It is uncontested that Rutkowski exhausted his administrative remedies as his motion to the warden at his facility went unanswered for at least 30 days.
Rutkowski contends that the FSA amendments that affect the mandatory minimum sentence regime offer the extraordinary and compelling reasons for the requested sentence because of the significant difference between the original mandatory minimum imposed in this case and the sentence he would have faced today. See ECF No. 329 at 17. The Government counters that such amendments were not retroactive and so do not amount to extraordinary and compelling reasons for compassionate release. See ECF No. 343 at 9-14. It is necessary, then, to examine both the differences between Rutkowski's original sentence and the type of sentence he might have received today, and whether the FSA amendments can serve as bases for compassionate release.

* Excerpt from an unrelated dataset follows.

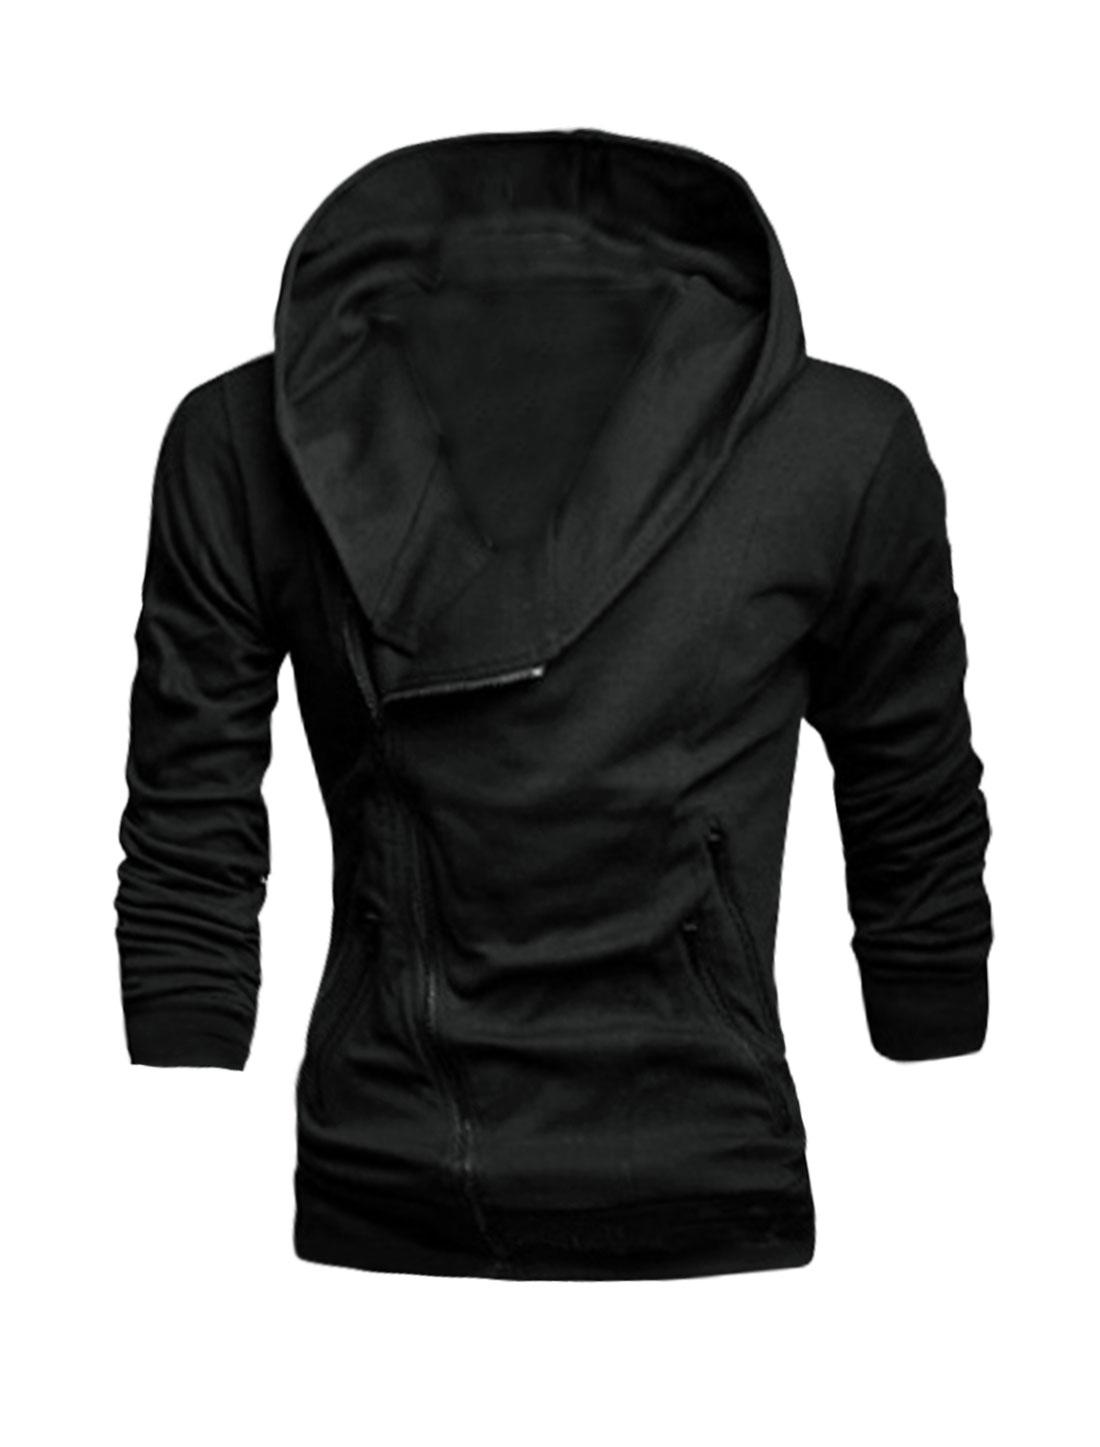 Men Long Sleeves Zipper Closure Slim Fit Hooded Jacket Black M

B. What Defendant Rutkowski's Mandatory Minimum And Guideline Range Would Have Been Had He Been Sentenced Today
In an effort to reduce harsh mandatory minimum sentences for drug offenses, see 164 Cong. Rec. S7640-50 (daily ed. Dec. 17, 2018), Congress did two things in the FSA that are relevant here: (1) it reduced the mandatory minimum sentences for those who had prior relevant felony drug convictions, and (2) it redefined what prior drug convictions are required for increased penalties (“enhancing conviction” or “enhancing felony”). See FSA § 401, 132 Stat. at 5220-21; see also generally Congressional Research Service, The First Step Act of 2018: An Overview (Mar. 4, 2019), https://crsreports.congress.gov/product/pdf/R/R45558.
When Rutkowski was sentenced, a defendant convicted of 21 U.S.C. § 841(a)(1) and (b)(1)(A), and for whom the Government had proved a prior enhancing conviction, was subject to a 20-year mandatory minimum sentence. See FSA § 401, 132 Stat. at 5220-21 (striking text). Pursuant to the FSA, that minimum term was reduced to fifteen years. See id. (inserting text) Similarly, before the enactment of the FSA, a defendant - like Rutkowski - with two such prior enhancing convictions faced a mandatory term of life in prison when charged with a Section 841(b)(1)(A) offense. See id. Congress reduced that mandatory minimum term to twenty-five years. See id.
Just as significant here, what qualifies as enhancing felonies changed. Whereas, when Rutkowski was sentenced, those felonies could be (among others) “a[ny] felony drug offense, ” 21 U.S.C. § 841(b)(1)(A) (2000), the FSA restricted such prior enhancing convictions to “serious drug felon[ies]” as defined in 21 U.S.C. § 802(57) and 18 U.S.C. § 924(e)(2). FSA § 401, 132 Stat. at 5220-21. “Serious drug felon[ies]” include state convictions involving the manufacture, distribution, or possession with intent to distribute a controlled substance for which the maximum term of imprisonment is ten years or more, see 18 U.S.C. § 924(e)(2)(A), and for which the offender served a term of imprisonment of more than twelve months. See 21 U.S.C. § 802(57)(A). Further, the defendant must have been released from incarceration within fifteen years of the commencement of the instant crime for which he is being sentenced. See 21 U.S.C. § 802(57)(B). This means that Rutkowski would not have faced a mandatory life sentence today - a fact that the Government does not contest. In fact, the Government does not challenge Rutkowski's argument that neither of his prior drug felonies would serve as enhancing felonies under Section 841(b)(1) today.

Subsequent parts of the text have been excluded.